Moreover, other risks and uncertainties of which Jazz Pharmaceuticals are not currently aware may also affect each of the forward-looking statements and may cause actual results and the timing of events to differ materially from those anticipated. Investors are cautioned that forward-looking statements are not guarantees of future performance. The forward-looking statements made in this communication are made only as of the date hereof or as of the dates indicated in the forward-looking statements and reflect the views stated therein with respect to future events as at such dates, even if they are subsequently made available by Jazz Pharmaceuticals on its websites or otherwise.
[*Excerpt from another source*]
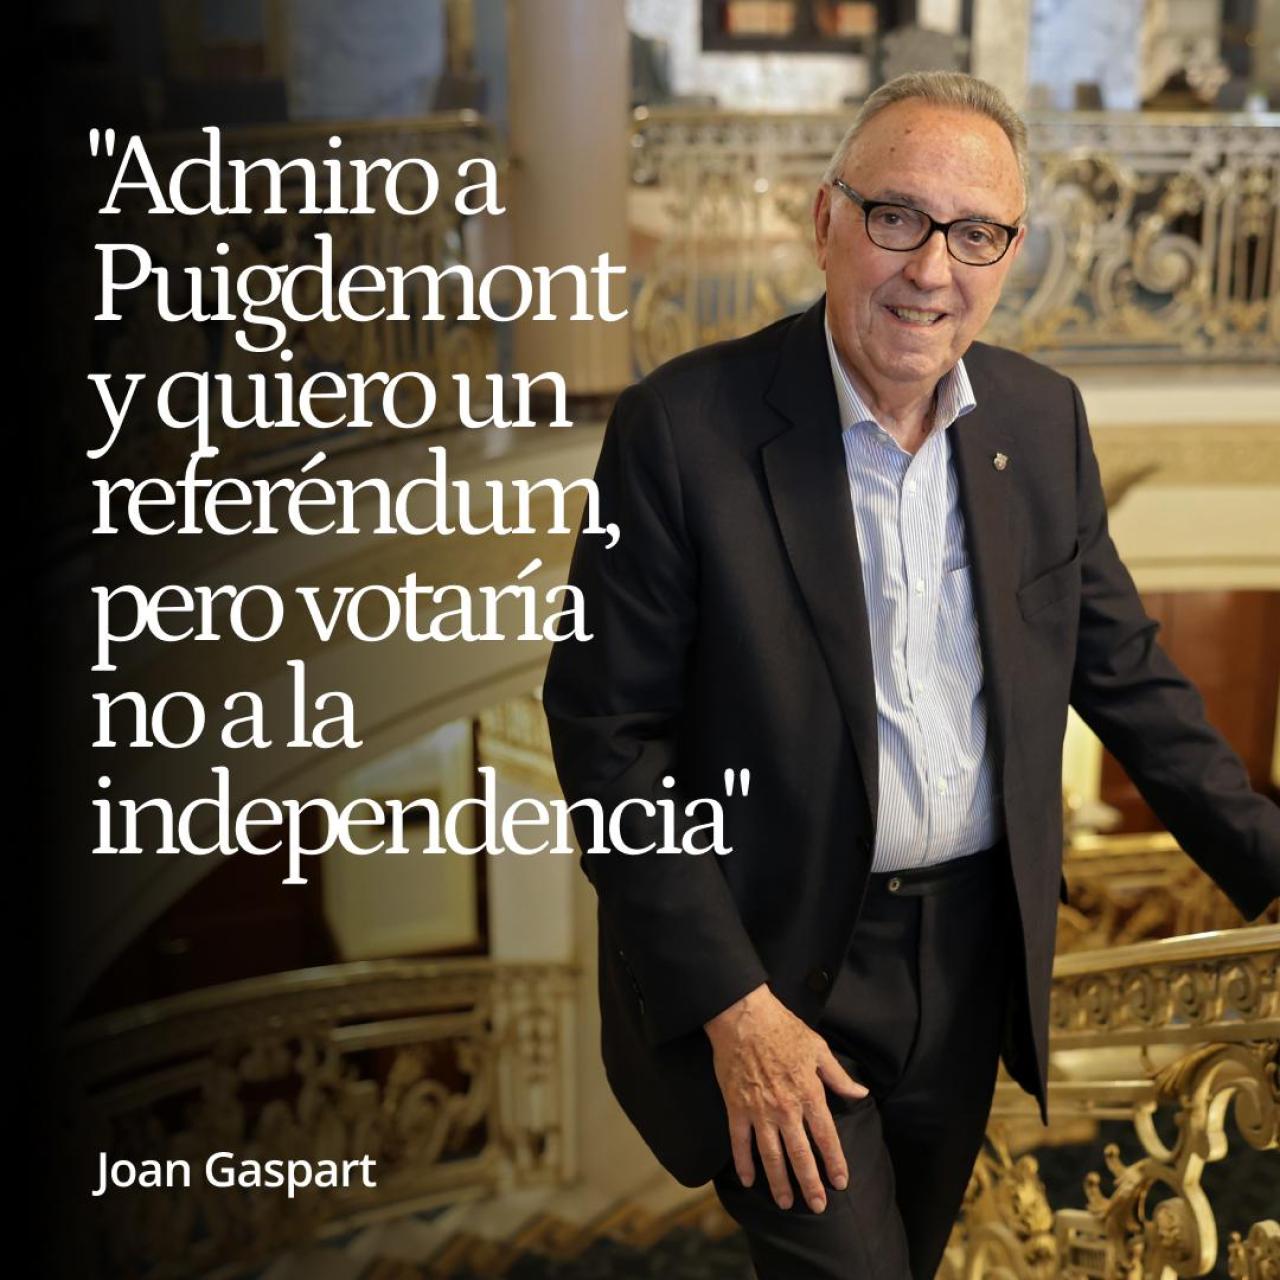 Joan Gaspart: "Admiro a Puigdemont y quiero un referéndum, pero votaría no a la independencia"

Jazz Pharmaceuticals undertakes no obligation to update or supplement any forward-looking statements to reflect actual results, new information, future events, changes in its expectations or other circumstances that exist after the date as of which the forward-looking statements were made.

No Offer Or Solicitation

This communication is not intended to and shall not constitute an offer to buy or sell or the solicitation of an offer to buy or sell any securities, or a solicitation of any vote or approval, nor shall there be any offer, solicitation or sale of securities in any jurisdiction in which such offer, solicitation or sale would be unlawful prior to registration or qualification under the securities laws of any such jurisdiction. No offer of securities shall be made in the United States absent registration under the U.S. Securities Act of 1933, as amended (the “Securities Act”), or pursuant to an exemption from, or in a transaction not subject to, such registration requirements. The Jazz Pharmaceuticals securities to be delivered in the proposed transaction are anticipated to be delivered in reliance upon an available exemption from such registration requirements pursuant to Section 3(a)(10) of the Securities Act.